In videos, description and timestamps play an important role in the choosing process of the right video to watch. The main idea of the proposed project (Video Bite) is to generate description and times-tamps for videos automatically. Video Bite plays an extremely important role in reducing time consumption, as it shall save time for users from watching wrong unwanted videos and shall save time using timestamps and click-baits to watch only the desired part of the video. The summarizing of video will depend on frames,emotions and speech summarization, summarizing the video at first based on frames and then summarizing of the audio occurs and at last the fusion happens between both summarization in order to get a meaningful accurate description for the video.

1.1 Purpose of this document

The main purpose of this SRS document is to illustrate and outline the requirements for our graduation project (Video Bite). That is mainly generating summarized descriptions for videos based on their audio, video, and emotions all together. Besides creating timestamps for the video to describe what is happening in each part. Our aim is to save users who search for video time and make it easier for content creators to generate their own description.

1.2 Scope of this document

Our system Video bite is aimed to help people dealing with videos. It helps them to find accurate description for any video so they do not waste time watching unrelated videos. The users will get description and timestamps for the selected video. These will also help content creators to generate their video descriptions, keywords and timestamps.

1.3 System Overview

The proposed system implements a new way for summarizing videos based on their audio, video,and emotions all together. That aims to achieve a good readable and accurate description of video. Moreover, the fusion of the summarized texts outputted from audio, video, and emotions. To get one summarized text at the end that could be a meaningful description for the video We conducted a survey to ask about the importance of videos for people. Also to check if they create videos or not and ask about their uploading process. Survey results showed that 73.5% of the respondents did not create or upload videos to any video platforms. However, for the 26.5% who do upload videos, 33.3% of them do not write a description for their videos . Sometimes, they write only a few words that do not describe the actual video content. 87.2% of them agreed if they had such a tool, they would use it.The proposed system overview is shown in figure 1 which includes the following steps:

1. Every couple of seconds, the video is separated into smaller videos. This splitting is done according to scenes hence each video into frames and audio.

2. Each frame of the smaller videos frames is passed through the preprocessing phase. The frames and audio will be preprocessed by removing blurry scenes and noisy audio.

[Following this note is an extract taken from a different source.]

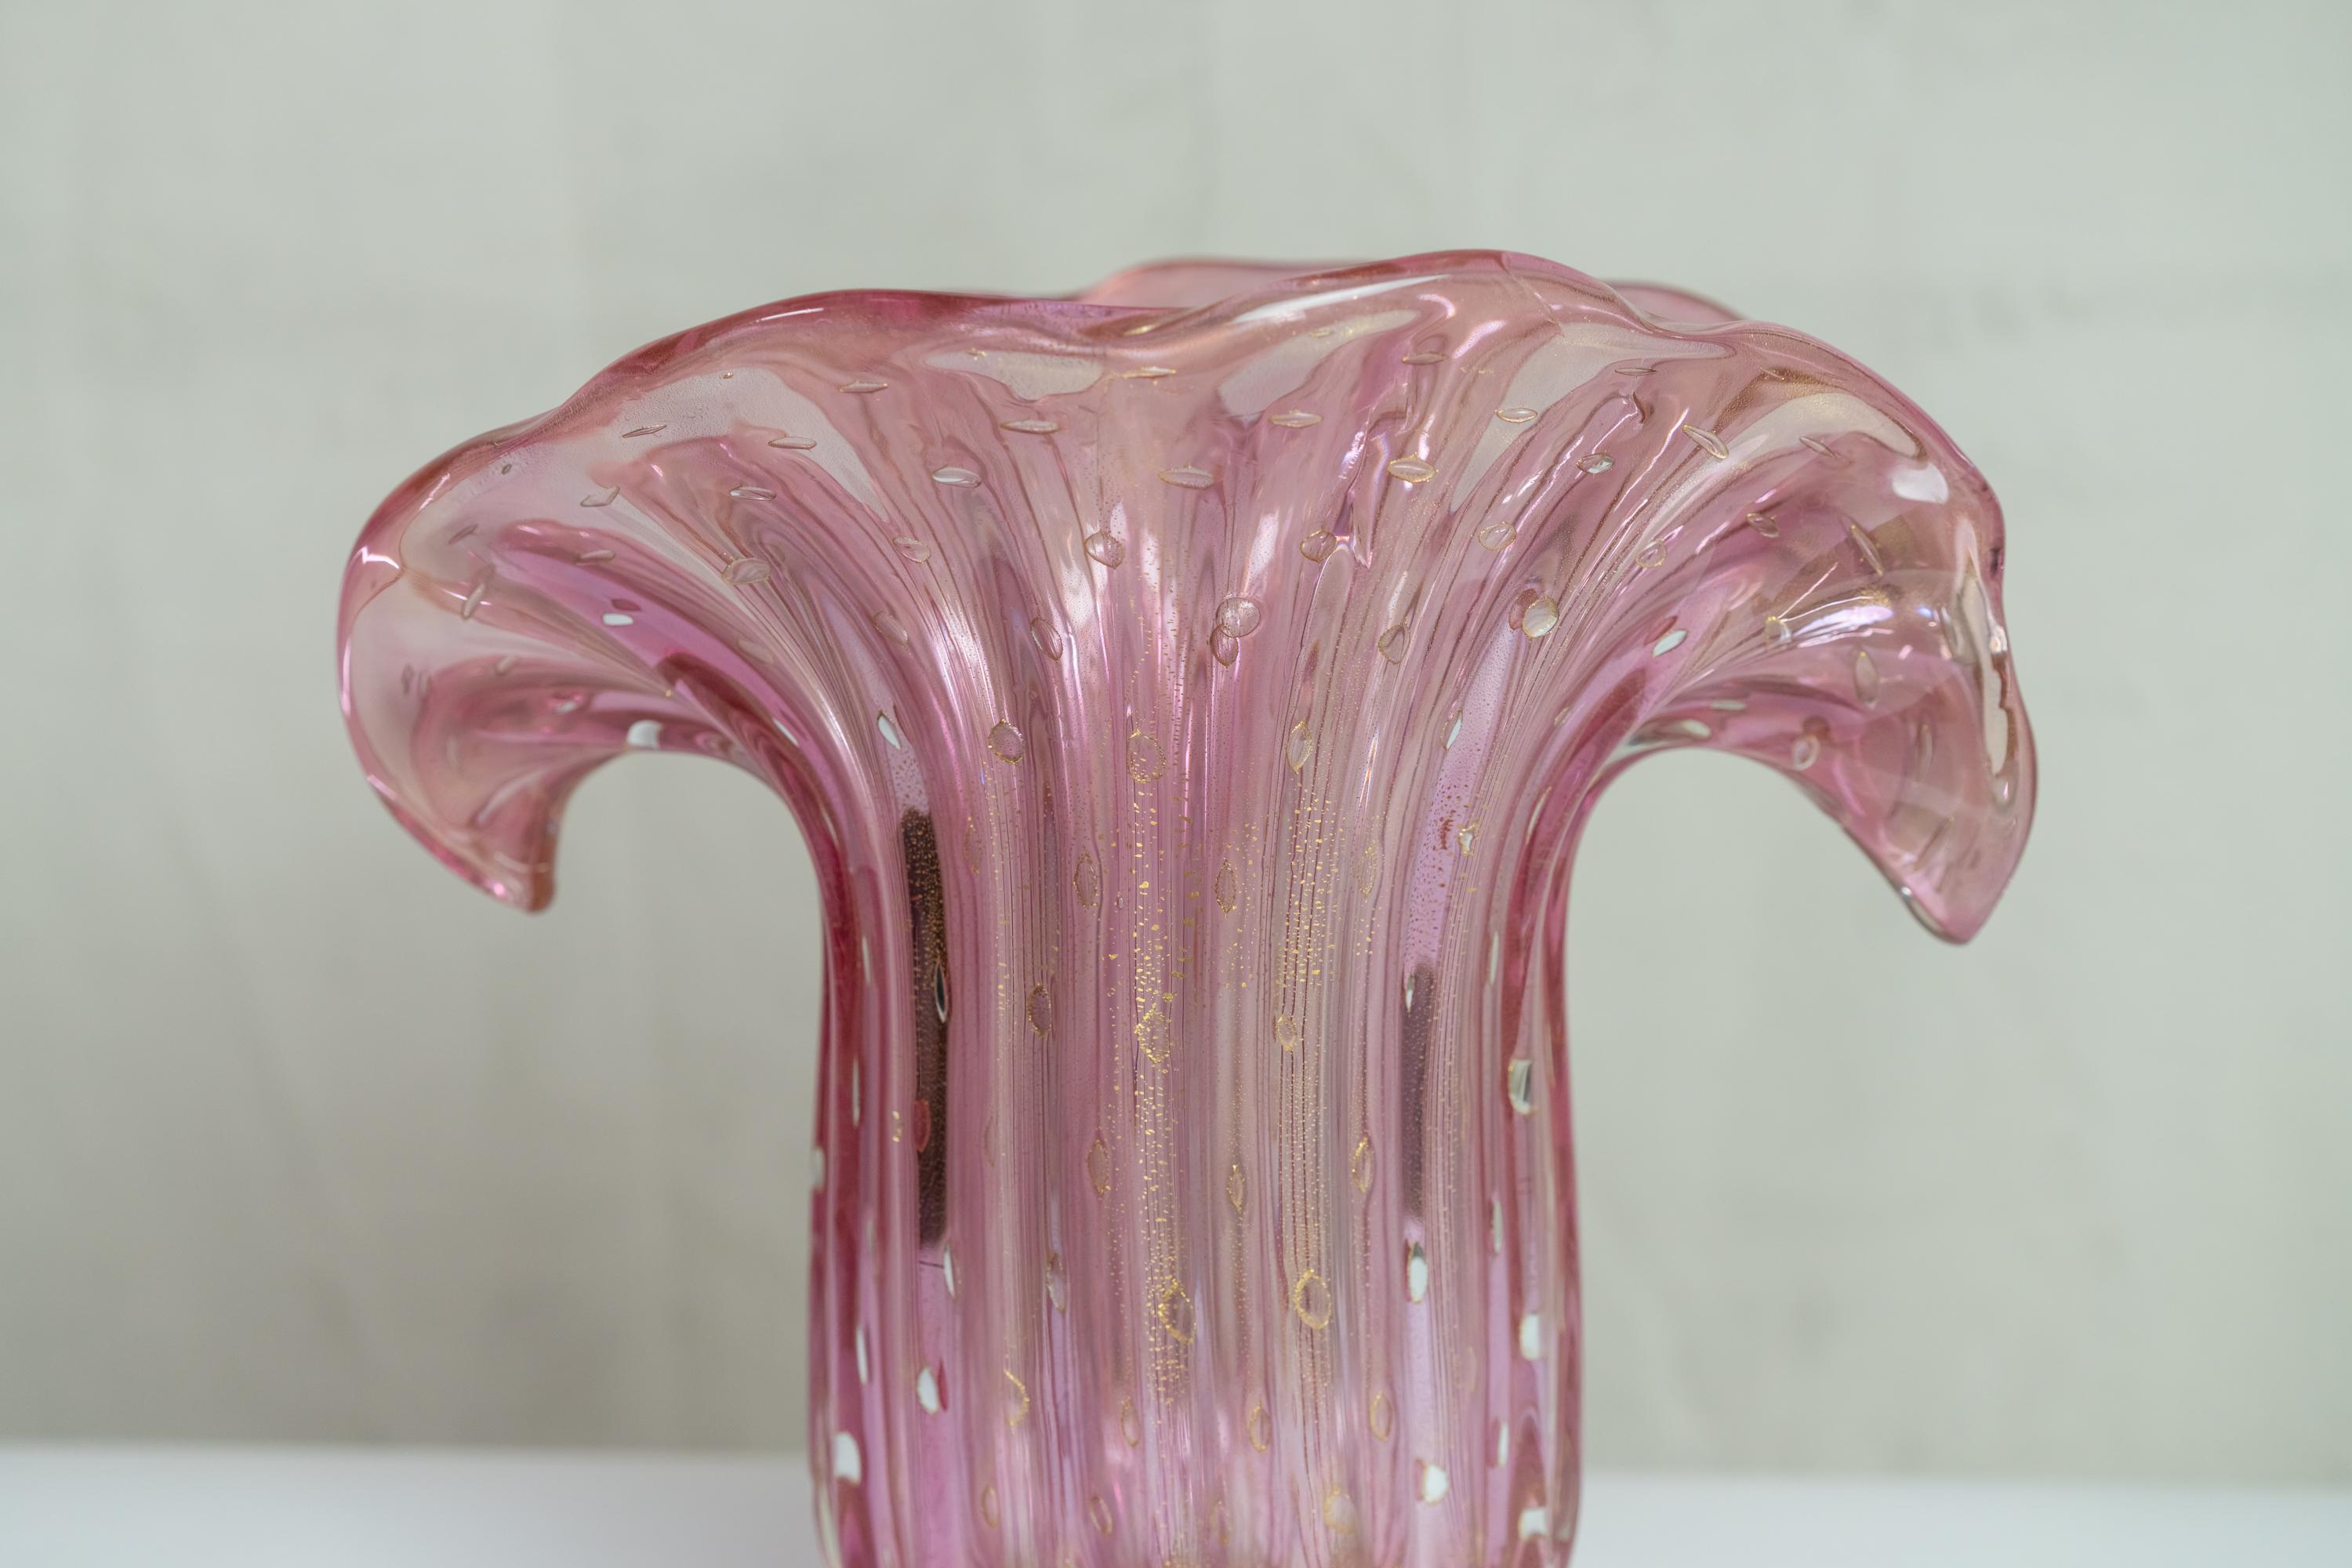 pink glass vase large

3. The audio is transcribed into text by applying speech to text recognition. The output is a text and then passed to LSTM and CNN models.

4. The three text outputted descriptions are fused together to output a summarized fused meanngful text.

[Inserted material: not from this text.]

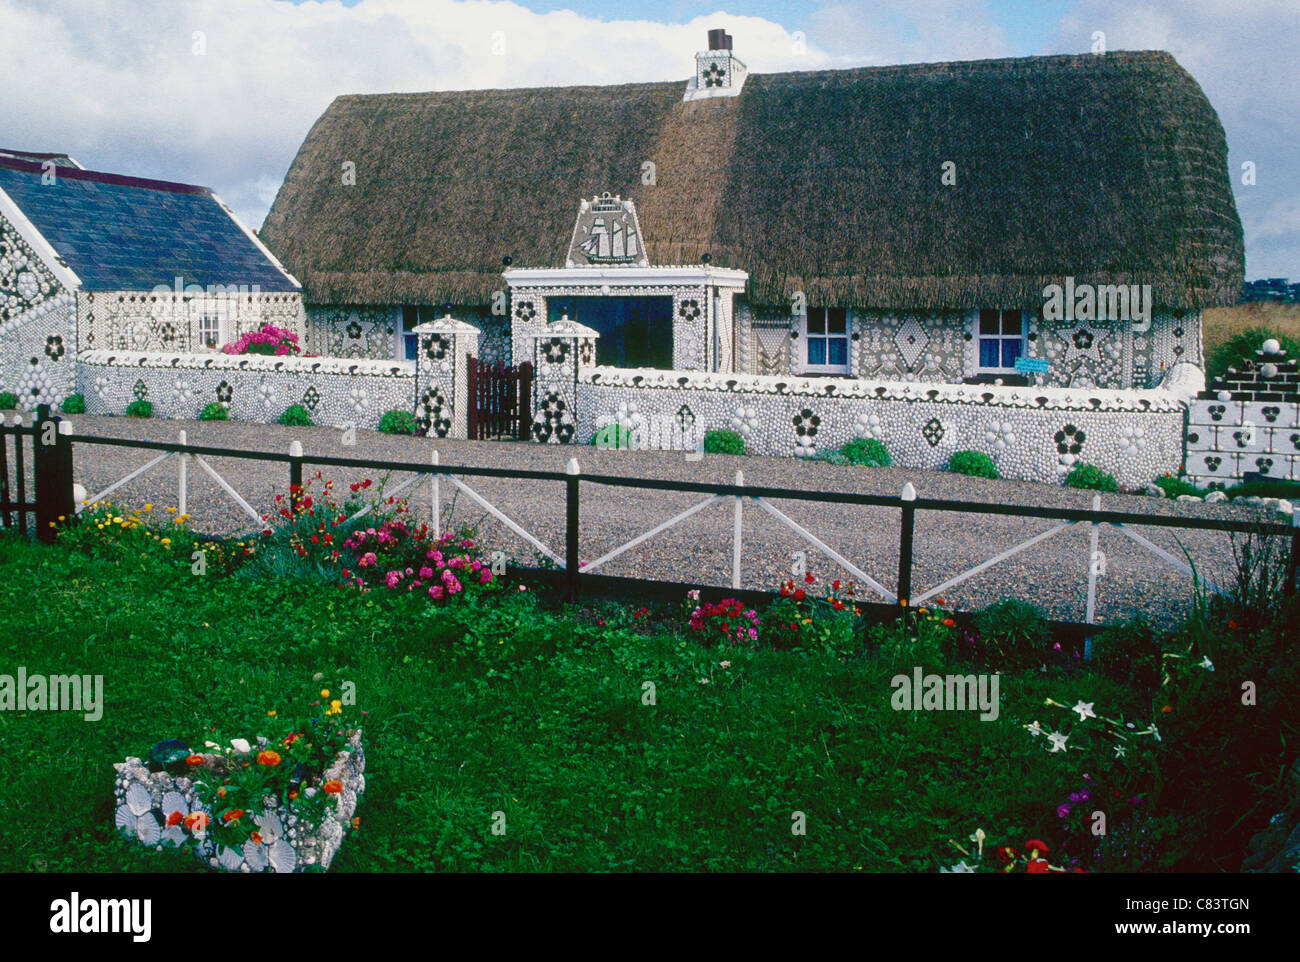 Une chaumière unique décoré avec des coquillages à Co Wexford Irlande Banque D'Images

5. Repetition of this process occur to complete the remaining of all smaller videos.

6. An abstractive summarization would be then applied to text using Natural Language Processing (NLP) techniques.

7. NLP is used to produce the video description and timestamps. Having cuts at the scenes and labeling it help finding it later.

1.4 System Scope

• Summarize the video according to frames.

• Summarize the video according to audio.

• Summarize the video according to emotions.

• Fusion these 3 summaries.

• Time-stamping video.

• Extraction of video’s main keywords.